Let us look at page 453 of the record where we find the following:

"Q. When Mrs. Vaiano said, I want you to help me push Wilson out of the apartment or the house, what did you do?
"A. I didn’t want nothing to do with it, because they owe me money and I was sitting down there to get my suitcase and my money right”.

In that event, was this not a perfect occasion for this *452defendant to say to the court and jury that the reason why he would not help Mrs. Vaiano was because he was afraid of his codefendants? But, there was no such claim, because the truth is, whatever this defendant did, he did of his own free choice and not because of any fear or duress.

Although there was ample testimony to indicate that each of his codefendants had a knife, and both codefendants used those knives to instill fear in their victims to the extent of having cut Mr. Vaiano, this defendant testified he saw no knives, and there were no assaults by his codefendants against the complainants.

What was the defendant McClendon’s function in this whole episode? The answer is found at pages 518 to 519 of the record:

"Q. Did you hear Joe McClendon say anything at this time?
"A. Yes.
"Q. What did Joe say?
"A. He said give him his money.
"Q. Didn’t you say yesterday on direct examination 'you better give him the money’ when asked what Mr. McClendon said?
"A. He said * * * he said give him the money.
"Q. Well, was it give him the money or you better give him the money?
"A. I don’t remember.”

Again, some one might try to spell out from this record that whatever might have been the original intention of the defendant when the trio started out to rob the complainants, perhaps the defendant changed his mind while the robbery was going on.

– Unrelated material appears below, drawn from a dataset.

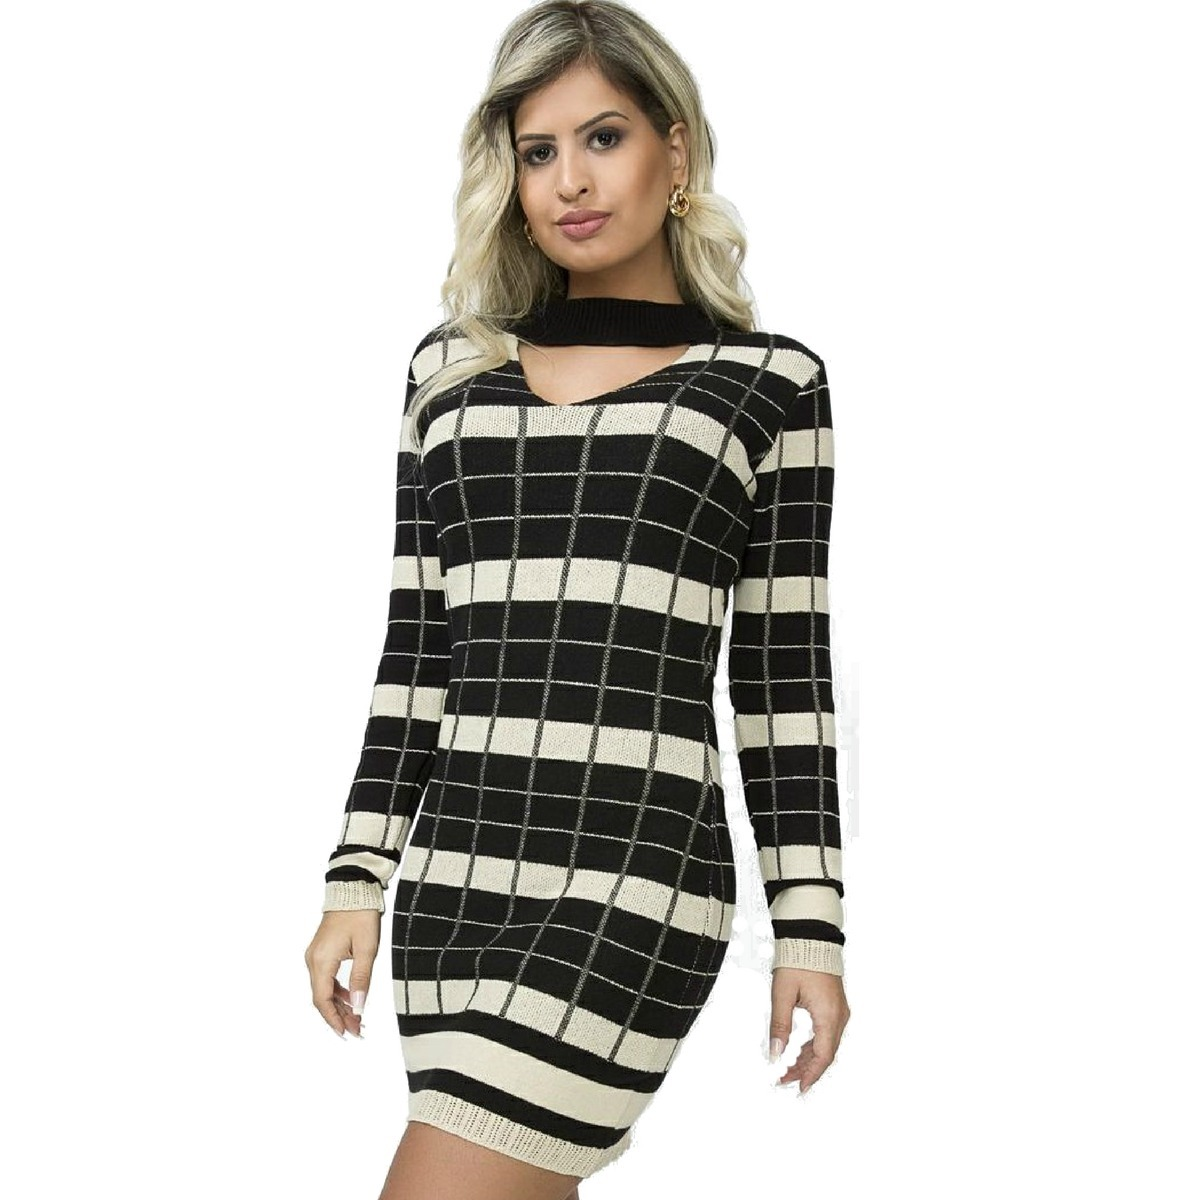 dcc9b8f02 vestido curto preto e branco trico manga longa inverno 2018. Carregando zoom .

Of course, there is no indication of that, and it must be remembered that the defense of renunciation is another affirmative defense which is spelled out in subdivision 1 of section 40.10 of the Penal Law: "In any prosecution for an offense, other than an attempt to commit a crime, in which the defendant’s guilt depends upon his criminal liability for the conduct of another person pursuant to section 20.00, it is an affirmative defense that, under circumstances manifesting a voluntary and complete renunciation of his criminal purpose, the defendant withdrew from participation in such offense prior to the commission thereof and made a substantial effort to prevent the commission thereof.”

The majority argues that the inferences which may be *453drawn from the facts in the case are as consistent with innocence as with guilt. This principle of law does not apply in the case at bar. We are not dealing with a case based upon circumstantial evidence. The record presents a situation where witnesses for the prosecution testified to what they saw and heard as to how the defendants got into the apartment and what they did once in there. The evidence presented is direct evidence and it was up to the jury either to believe it or refuse to believe it. Having chosen to believe the People’s evidence, this court should not interfere with the conclusion reached by the jury.

I am satisfied from an examination of the record and the reasons above given, together with those set forth in the majority opinion, that the conviction of the appellant was based on sufficient legal evidence to establish his guilt beyond a reasonable doubt and the verdict of the jury should not be disturbed.

Markewich, J. P., and Murphy, J., concur with Lynch, J.; Kupferman and Capozzoli, JJ., dissent in an opinion by Capozzoli, J.

Judgment, Supreme Court, Bronx County, rendered on August 30, 1973, reversed, on the law, and the indictment dismissed.